__Task to complete__
Exact reproduction of the listing is required. Pictures are not reproduced.

__Supplied data__
- - -
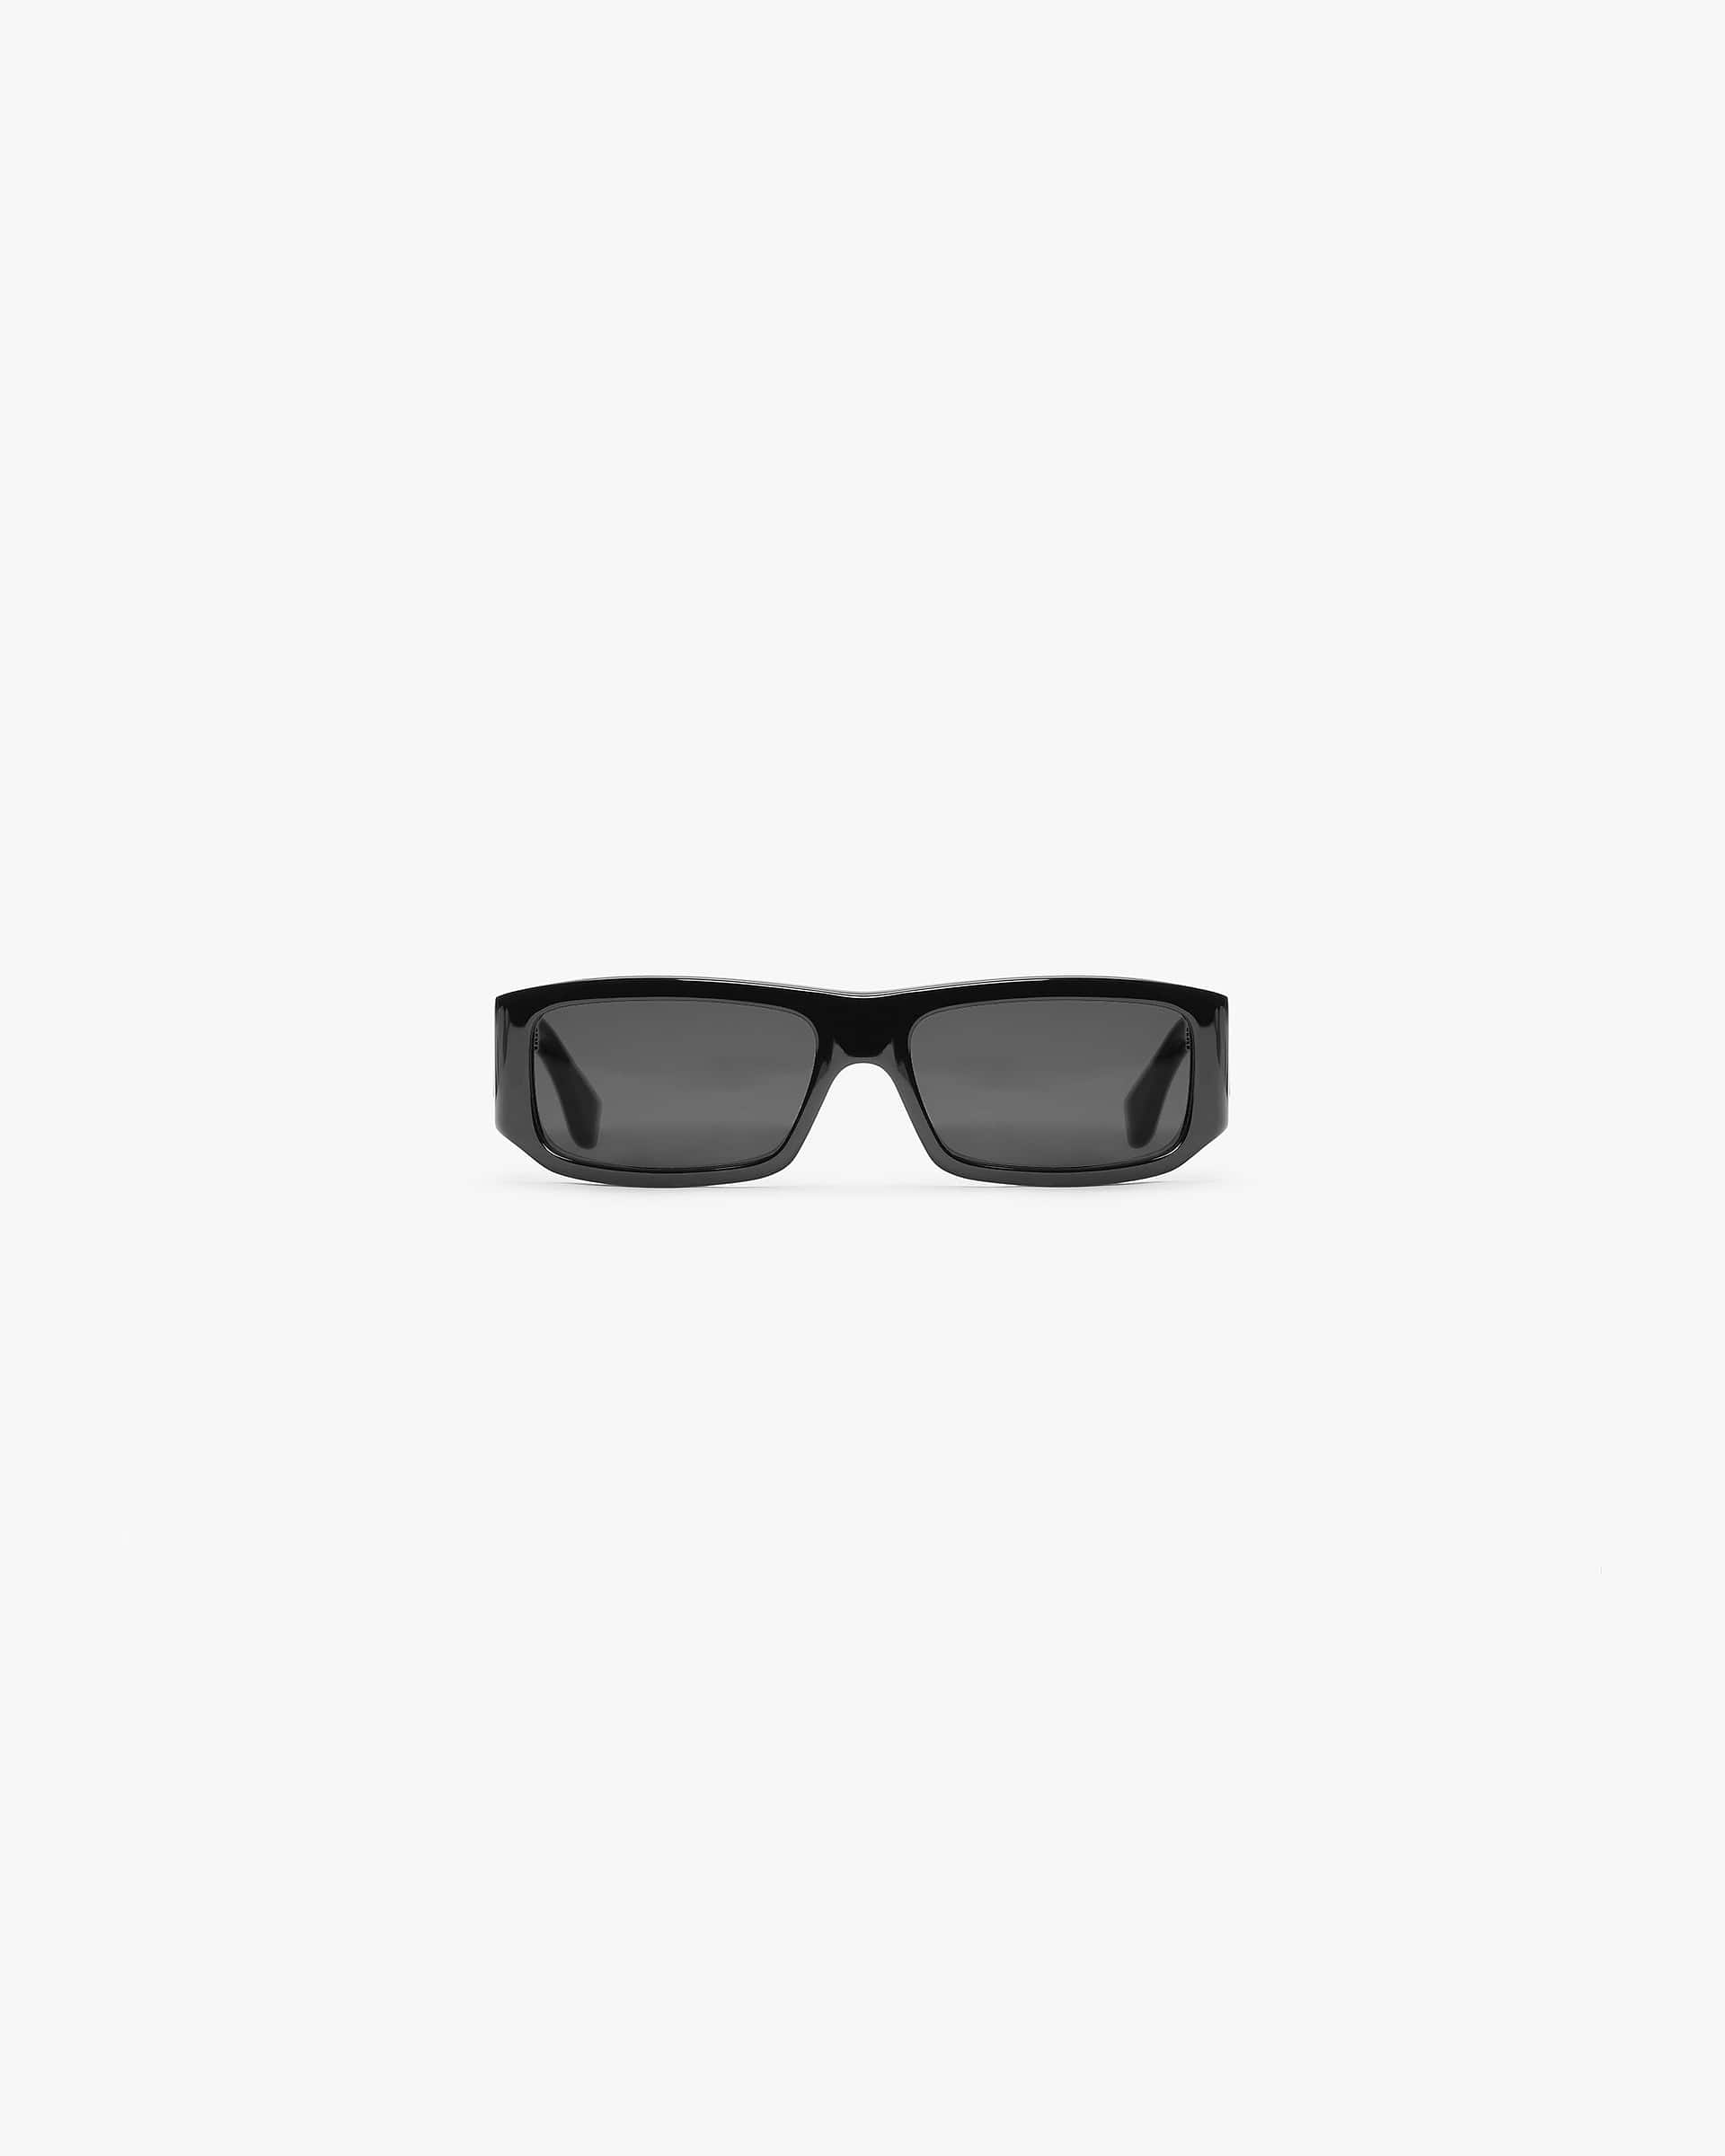 Slim Initial Sunglasses | Black Accessories SC23 | Represent Clo
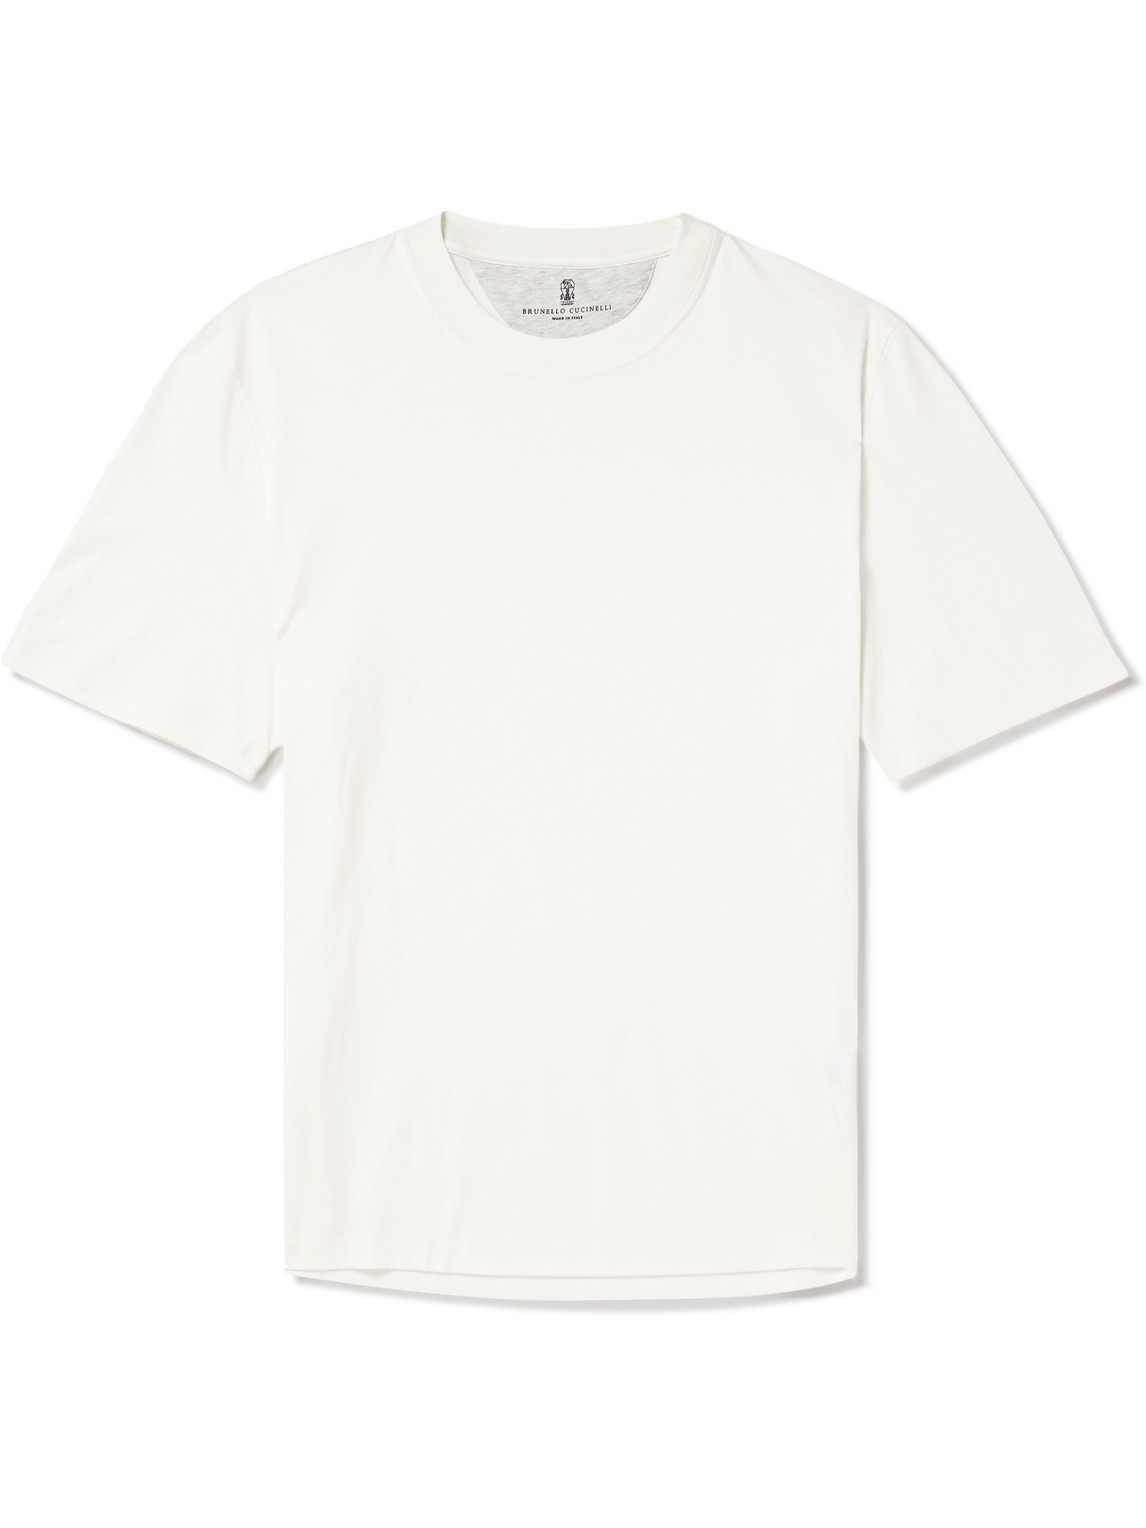 Brunello Cucinelli - Cotton-Jersey T-Shirt - Men - White - L von Brunello Cucinelli
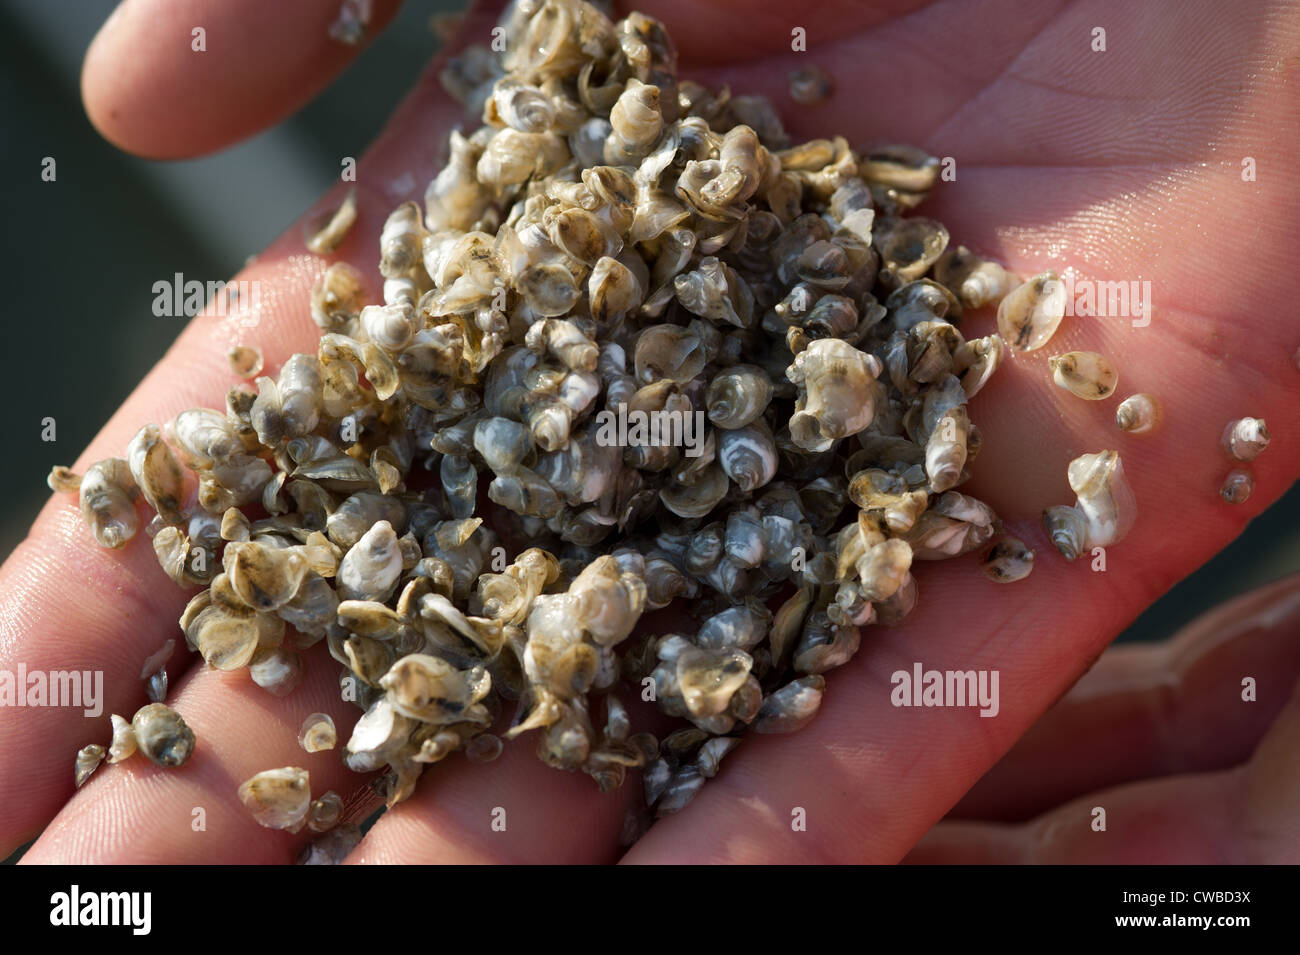 Bebé conchas de ostra en una mano, el punto de disparo ostras, Bayford VA Foto de stock
- - -
__Finished exercise__
 Slim Initial Sunglasses | Black Accessories SC23 | Represent Clo
 Brunello Cucinelli - Cotton-Jersey T-Shirt - Men - White - L von Brunello Cucinelli
 Bebé conchas de ostra en una mano, el punto de disparo ostras, Bayford VA Foto de stock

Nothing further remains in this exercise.